MaxNoOfConcurrentOperations=100000
MaxNoOfConcurrentTransactions=16384

StringMemory=25
MaxNoOfTables=4096
MaxNoOfOrderedIndexes=2048
MaxNoOfUniqueHashIndexes=512
MaxNoOfAttributes=24576
MaxNoOfTriggers=14336

### Params for REDO LOG 
FragmentLogFileSize=256M
InitFragmentLogFiles=SPARSE
NoOfFragmentLogFiles=39
RedoBuffer=64M

TransactionBufferMemory=8M

TimeBetweenGlobalCheckpoints=1000
TimeBetweenEpochs=100

TimeBetweenEpochsTimeout=0

### Params for LCP 
MinDiskWriteSpeed=10M
MaxDiskWriteSpeed=20M
MaxDiskWriteSpeedOtherNodeRestart=50M
MaxDiskWriteSpeedOwnRestart=200M
TimeBetweenLocalCheckpoints=20

### Heartbeating 
HeartbeatIntervalDbDb=15000
HeartbeatIntervalDbApi=15000

### Params for setting logging 
MemReportFrequency=30
BackupReportFrequency=10
LogLevelStartup=15
LogLevelShutdown=15
LogLevelCheckpoint=8
LogLevelNodeRestart=15

### Params for BACKUP 
BackupMaxWriteSize=1M
BackupDataBufferSize=24M
BackupLogBufferSize=16M
BackupMemory=40M

### Params for ODIRECT 
#Reports indicates that odirect=1 can cause io errors (os err code 5) on some systems. You must test.
#ODirect=1

### Watchdog 
TimeBetweenWatchdogCheckInitial=60000

### TransactionInactiveTimeout  - should be enabled in Production 
TransactionInactiveTimeout=60000
### New 7.1.10 redo logging parameters 
RedoOverCommitCounter=3
RedoOverCommitLimit=20
### REALTIME EXTENSIONS 
#RealTimeScheduler=1
### REALTIME EXTENSIONS FOR 6.3 ONLY
#SchedulerExecutionTimer=80
#SchedulerSpinTimer=40

### DISK DATA 
SharedGlobalMemory=20M
DiskPageBufferMemory=64M
BatchSizePerLocalScan=512

After importing 75M records to my table I get the error (The table 'test_table' is full) and can not import data any more to the table. I don't undersdtand why it is so.

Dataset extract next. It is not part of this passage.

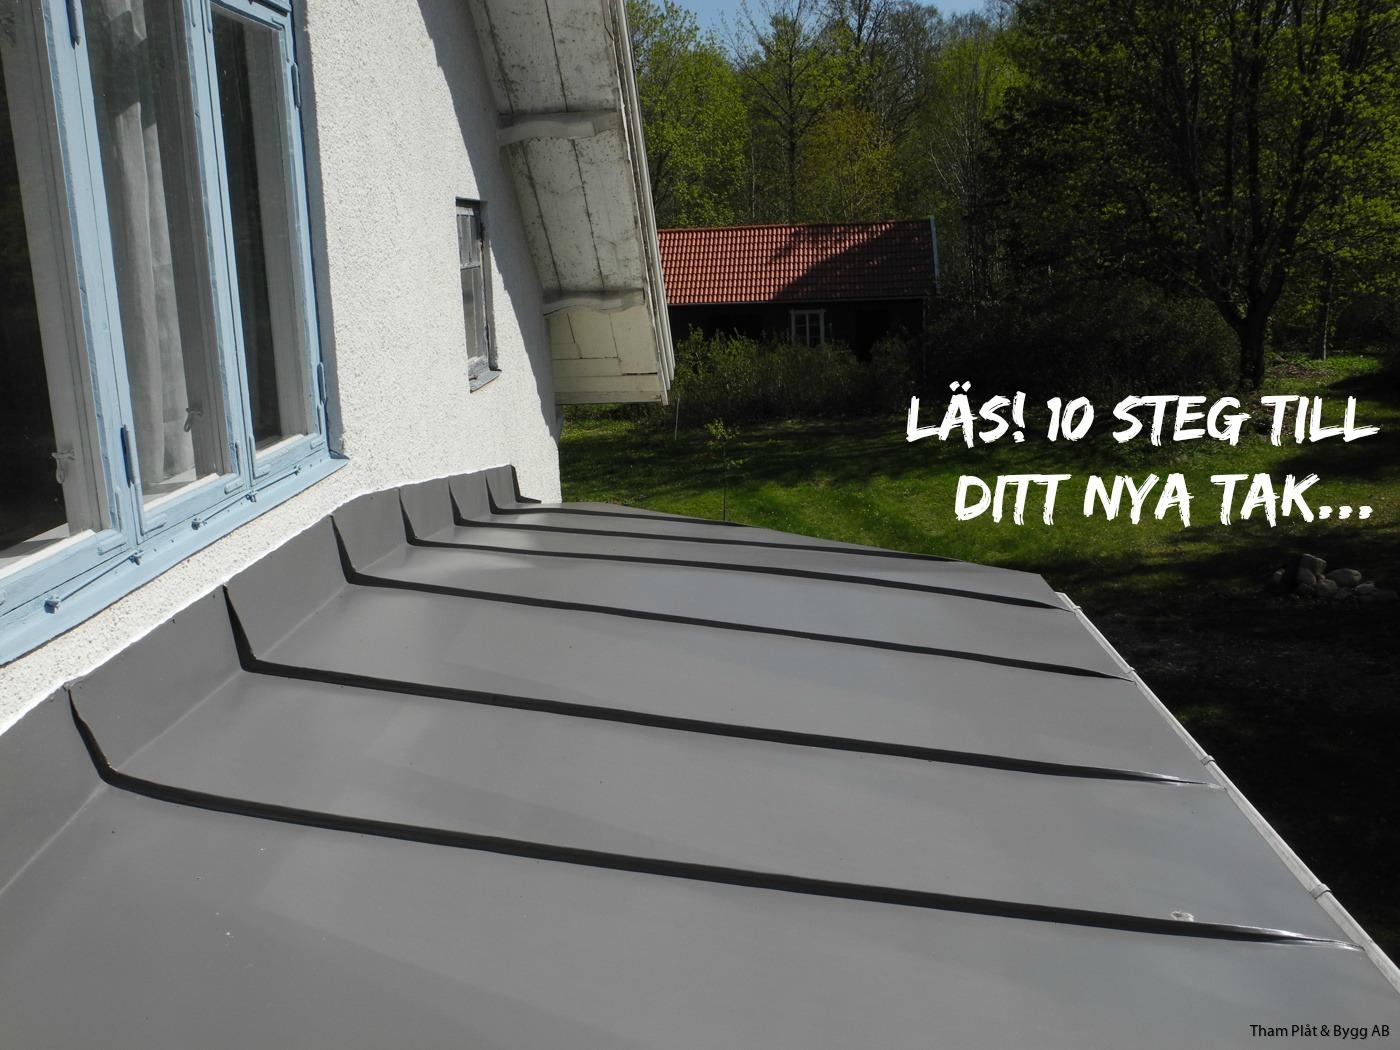 Renovera   lägga tak  c409337915bd3

I look at information_scheme and can see that avg_record_size is 244. The full table size is: ~19G

Also if I look at DataMemory used on each data node I see: ~94%. IndexMemory used is: ~22%

But I have 8 data nodes with DataMemory total with *8*9970M = 80GB*

My table is 19GB only. So even I have replicas. The memory used muse be: 19*2=38GB.

Could somebody explain me what is the situation. And how can I configure the Cluster and import max possible records. The full table in production will have: 33 Billion records.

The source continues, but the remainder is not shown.